Every year the Home Office People Survey generates poor bullying, harassment and discrimination scores – areas where ISU people work tend generally amongst the lowest scoring – and every year there follows a round of senior management navel gazing to divine ‘what these scores really mean’…..
In fairness some of this is sincere and worthy if also long-winded and repetitive…..but some might be taken for tokenist posturing in justification of ‘do little or nothing’ response. In recent years this latter trend has largely predominated so People Survey scores have remained consistently poor.
Not to say there’s no merit in thinking closely about areas of weakness. This plainly makes sense. Frustration is that it isn’t really so complicated.
Sometimes bullying is direct and personal, unmistakably about individual abuse of power. The sort of thing that transports us back 30 years and more to awful schoolyard memories of the bullies we have known.
But there is also the phenomenon of institutional or corporate bullying. For reasons obvious, few employers are keen to acknowledge this, far less to tackle the problem at source. So what exactly is institutional bullying then ? Well, two things broadly.

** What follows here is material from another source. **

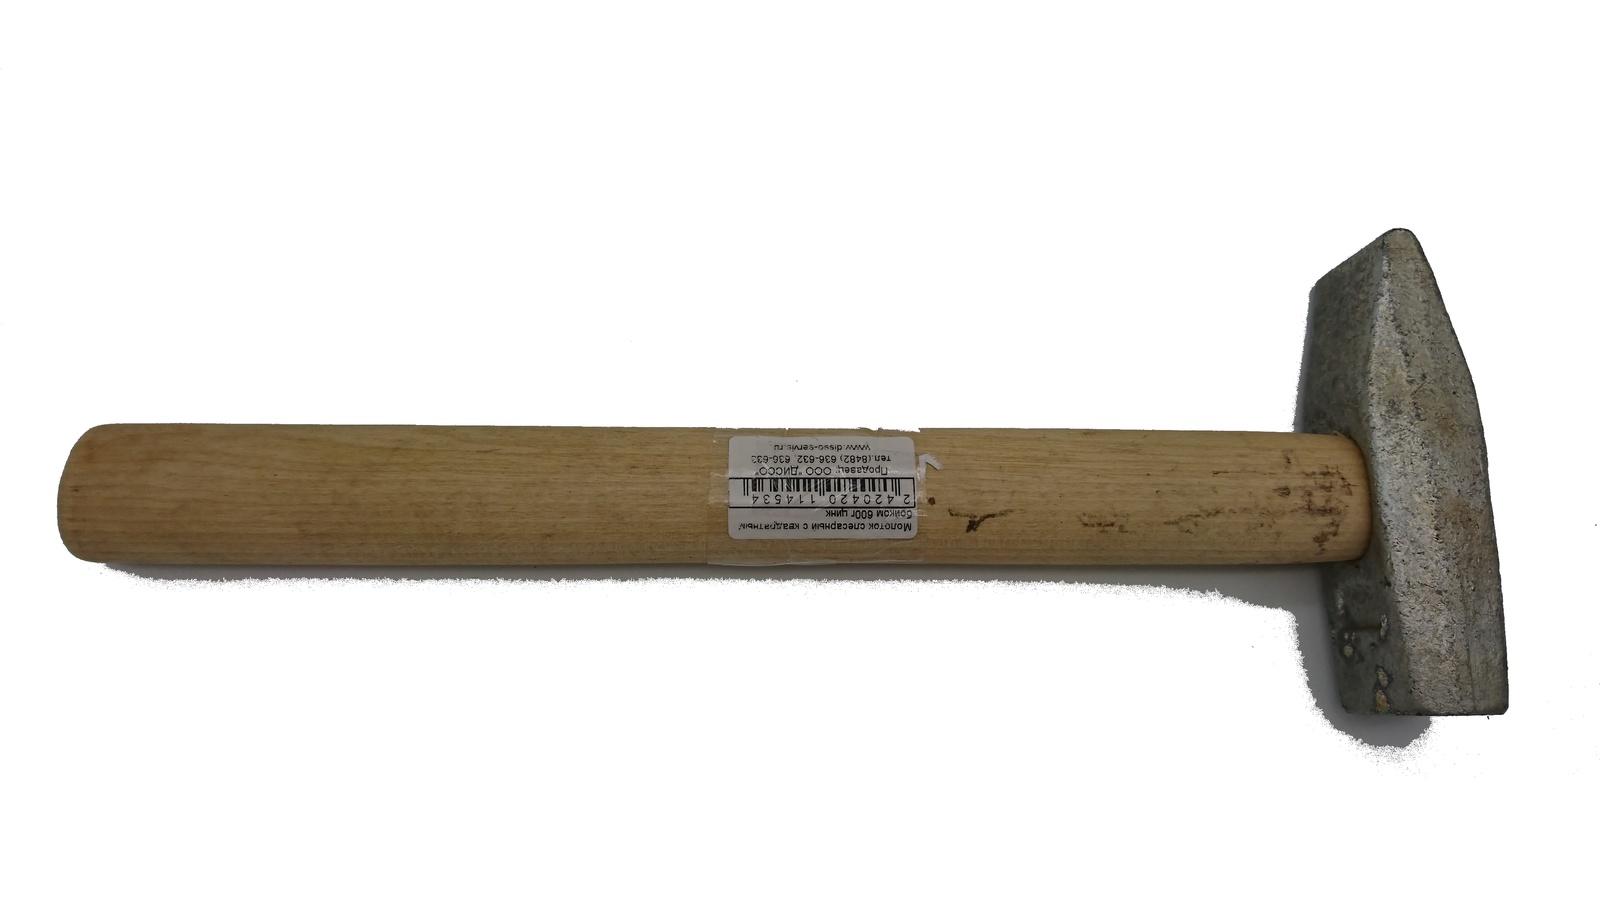 Молоток слесарный с квадратным бойком 600г цинк молоток немецкого типа santool с квадратным бойком и деревянной ручкой 600 гр 030811 060

Firstly, where employers proclaim their own integrity and values but then from a senior management level adopt policies entirely out of keeping with those virtues. So, for example, where an employer ostensibly committed to zero tolerance of bullying implements financial penalties in order to ‘persuade’ people to give up terms and conditions of service……then that is duress and that is bullying.
The continuing Home Office hostility to those retaining AAA & SDA terms and conditions rather than moving to Annualised Hours ( which most senior managers privately admit doesn’t meet business need in any event ) is simply shameful. Such conduct is grossly hypocritical and fundamentally undermines the credibility of Home Office anti-bullying policies.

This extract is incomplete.